The discussion revolves around the analysis of carrier recombination in a silicon sample doped with acceptors at a concentration of 3E16 cm-3. An excess electron-hole pair (EHP) density of 1E14 cm-3 is generated, which increases to 5E13 cm-3 after 13.9 μs. The initial EHP density does not satisfy the low-level injection condition, and the lifetime of the excess carriers can be calculated using the formula Tn = 1/α(n0 + p0).
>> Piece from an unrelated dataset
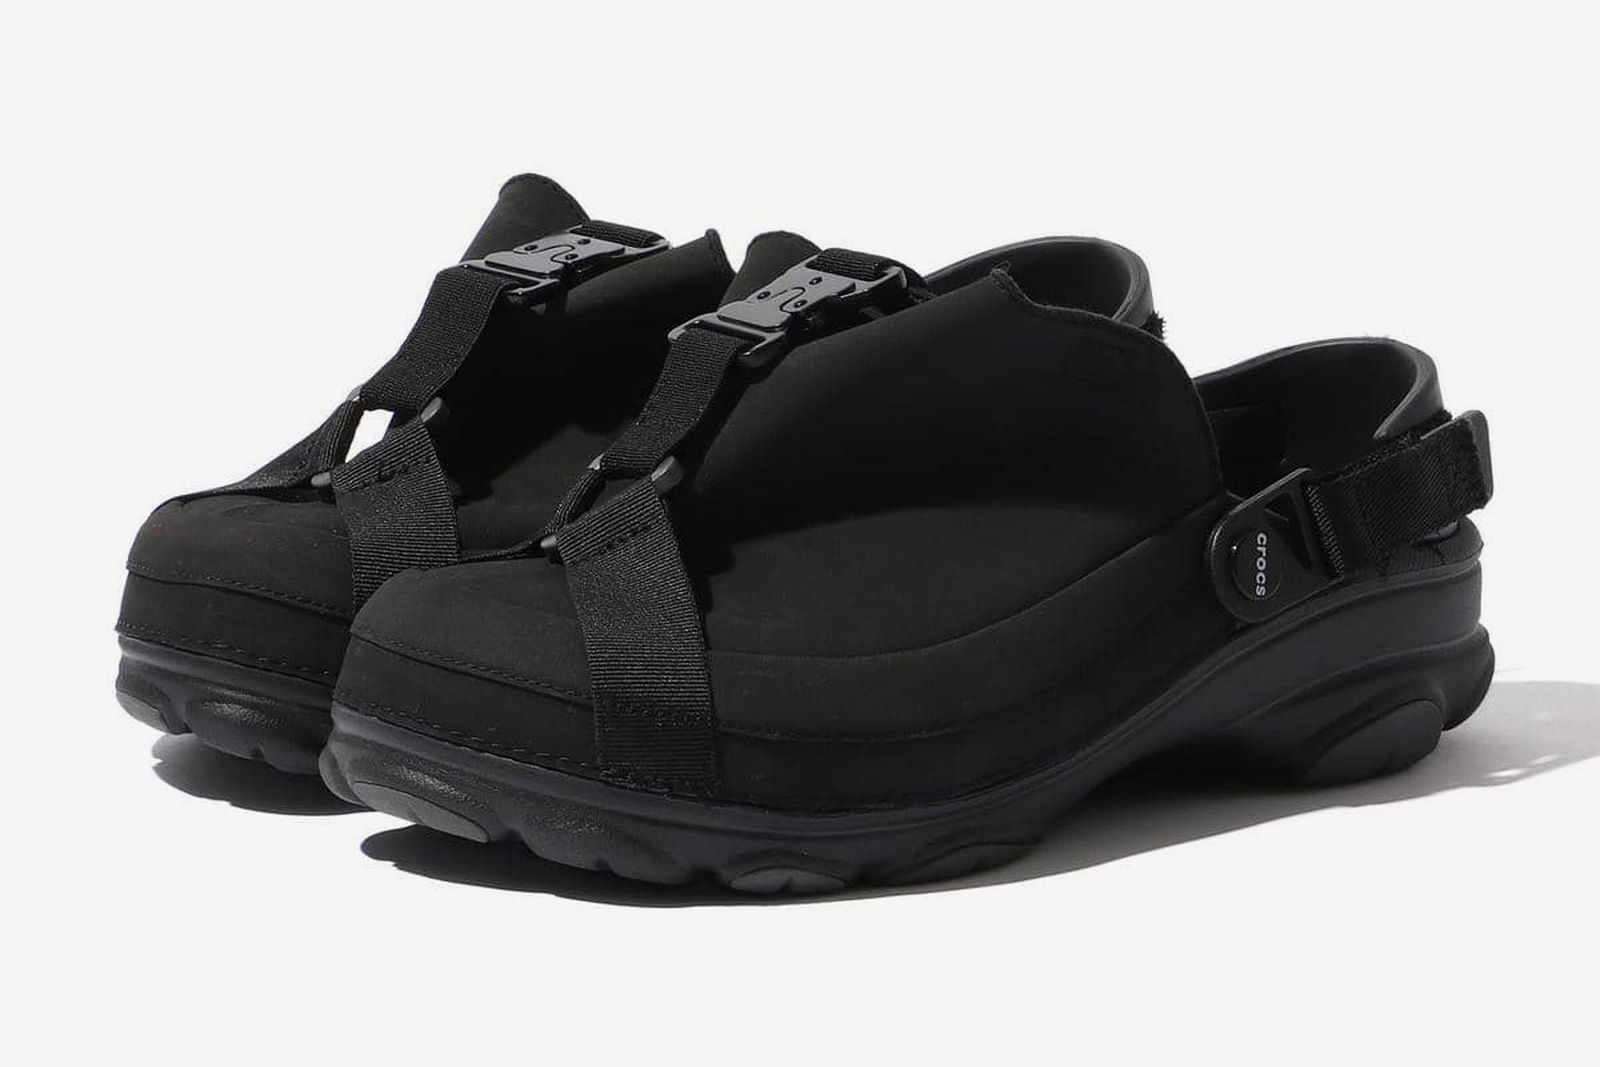 beams-crocs-spring-2020-release-date-price-1-01

The discussion also addresses how to express the minority carrier concentration over time.

PREREQUISITES
  • Understanding of semiconductor physics, specifically carrier recombination.
  • Familiarity with low-level injection conditions in semiconductors.
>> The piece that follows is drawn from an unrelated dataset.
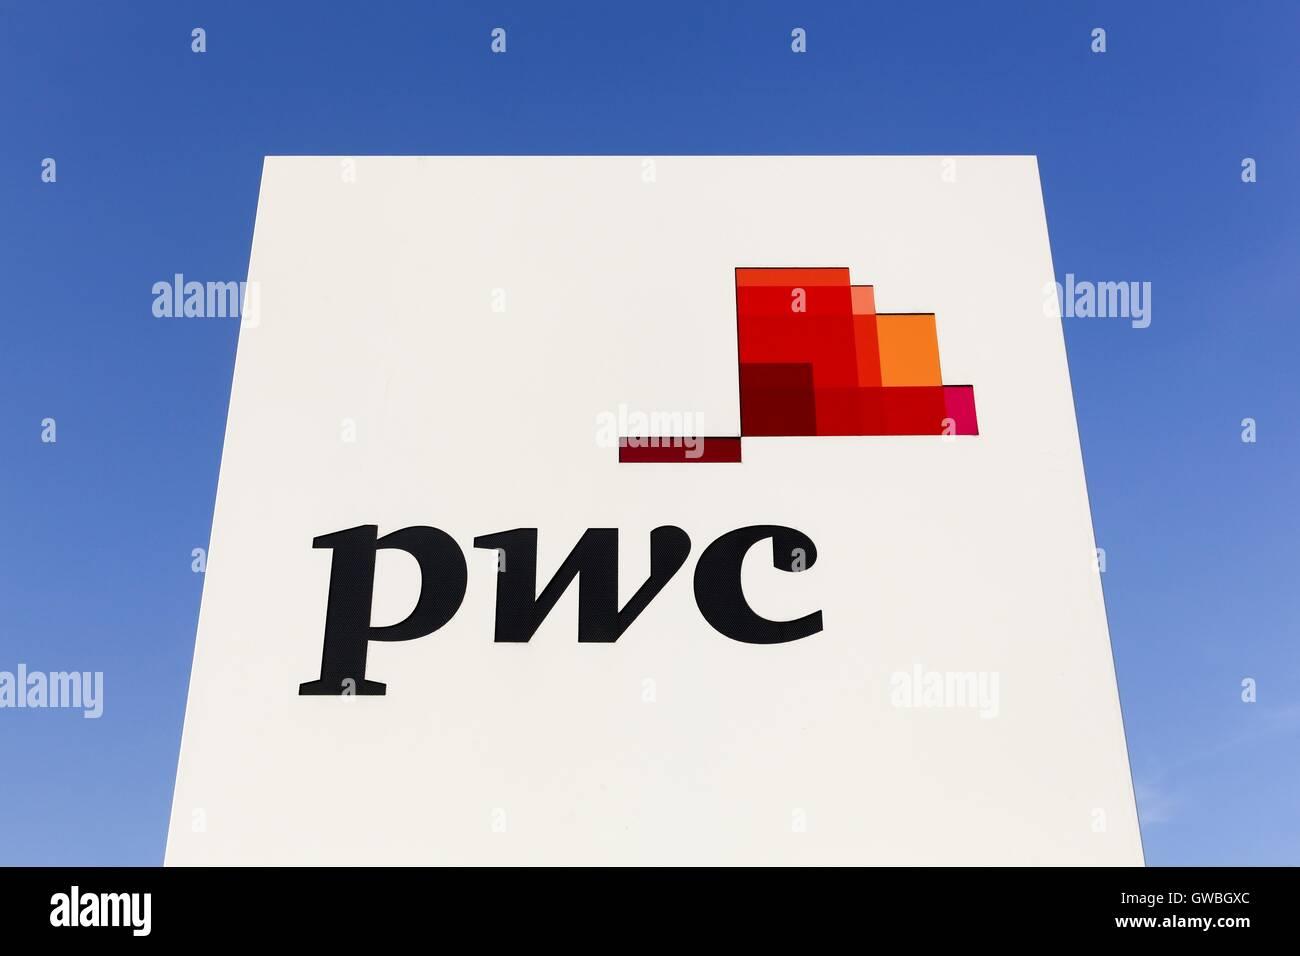 PWC logo on a wall - Stock Image

  • Knowledge of excess carrier density calculations and their implications.
  • Proficiency in using equations related to carrier lifetime and generation rates.
NEXT STEPS
  • Study the concept of low-level injection in semiconductors.
  • Learn how to calculate carrier lifetime using Tn and α values.
  • Explore the relationship between excess carrier density and intrinsic carrier concentration.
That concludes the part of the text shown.